Roualet's work at the Épernay museum began in earnest in 1968, when Brisson fell ill. From Brisson's retirement in 1972 he had full charge of the collections and their scientific management, a responsibility he held until the end of 1982. He catalogued the whole of the early medieval collection, some 3,000 graves, together with the Louis Simonnet collection acquired in 1972. The closure of the museum's archaeology department in November 1995 was a severe blow to him.

Roualet's first papers appeared in the Revue archéologique de l'Est, and from 1967 he published mainly through the Société académique de la Marne, of which he was president from 1972 to 1976. In the publication of the Villeneuve-Renneville cemetery he advanced the hypothesis that the abandonment of the La Tène cemeteries of Champagne coincided with the movement of Gauls into northern Italy. With Hatt he published the cemetery of the Jogasses at Chouilly, and from 1983 he worked on a synthesis of the La Tène period in Champagne. The regional chronology he established with Hatt, later revised in collaboration with Michel Chossenot, is in Charpy's assessment still valid in its broad lines.

In 1985 Roualet was attached to the Centre d'études celtiques of the École normale supérieure and appointed to the Musée d'Archéologie nationale, where he was charged with cataloguing the Champagne holdings, in particular the collection of the Bosteaux brothers. His study of these holdings allowed him to define the chronology of the first half of the 4th century BC. About the same time he became a founder member of the Association française pour l'étude de l'âge du Fer. He promoted and co-organised an international colloquium at Épernay in 1987, and took part in the 1991 Épernay exhibition and the associated colloquium at Hautvillers, held in connection with the ninth International Congress of Celtic Studies at Paris.

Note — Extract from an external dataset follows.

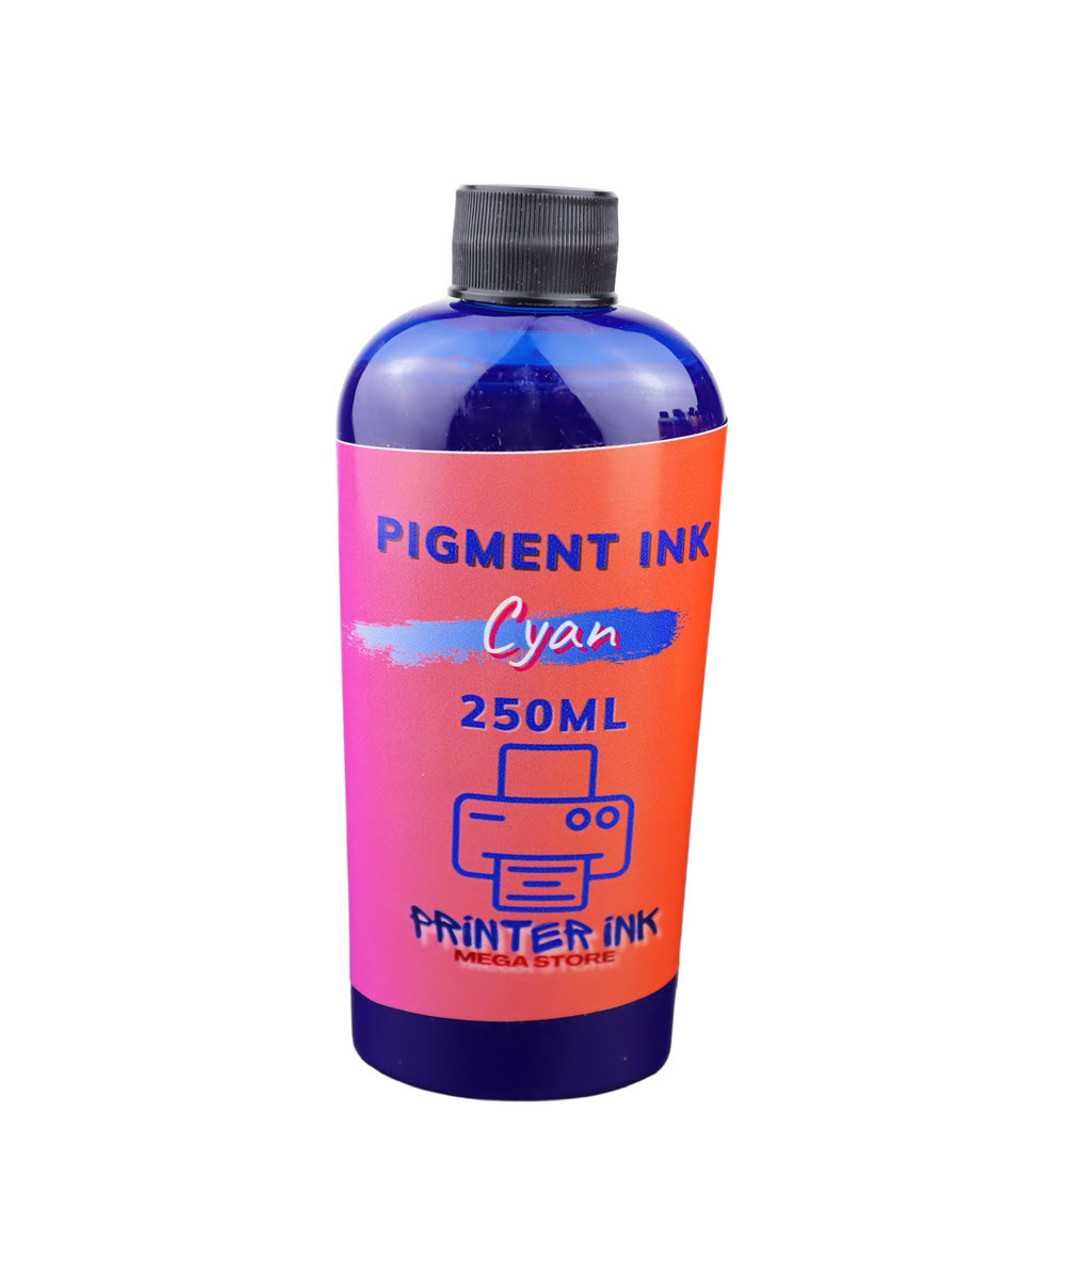 Cyan Pigment Ink 250ml bottle for Epson WorkForce Pro WF-3720 WF-3730 WF-3733 printers

Roualet was appointed a chevalier (1979) and then officier (1985) of the Ordre des Palmes Académiques, and a chevalier (1979) and officier (1994) of the Ordre national du Mérite.

After the death of his second son in 1996 Roualet gradually withdrew from his activities, and a few years later he gave up his post at the Musée d'Archéologie nationale along with his other commitments. In his last years he turned to the history of his own family, of which he wrote an account in 2006. Though he had no formal training in archaeology, his colleagues valued his common sense, intellectual honesty and capacity for work, and Venceslas Kruta placed him among those who had done most for the archaeology of Champagne and of the Celts over the previous half-century.

== Selected publications ==
- Brisson, André (1971). "Le cimetière gaulois La Tène Ia du Mont Gravet à Villeneuve-Renneville (Marne)"
- Hatt, Jean-Jacques (1976). "Le cimetière des Jogasses en Champagne et les origines de la civilisation de La Tène"
- Charpy, Jean-Jacques (1987). "Céramique peinte gauloise en Champagne du VIe au IIe siècle avant J.-C."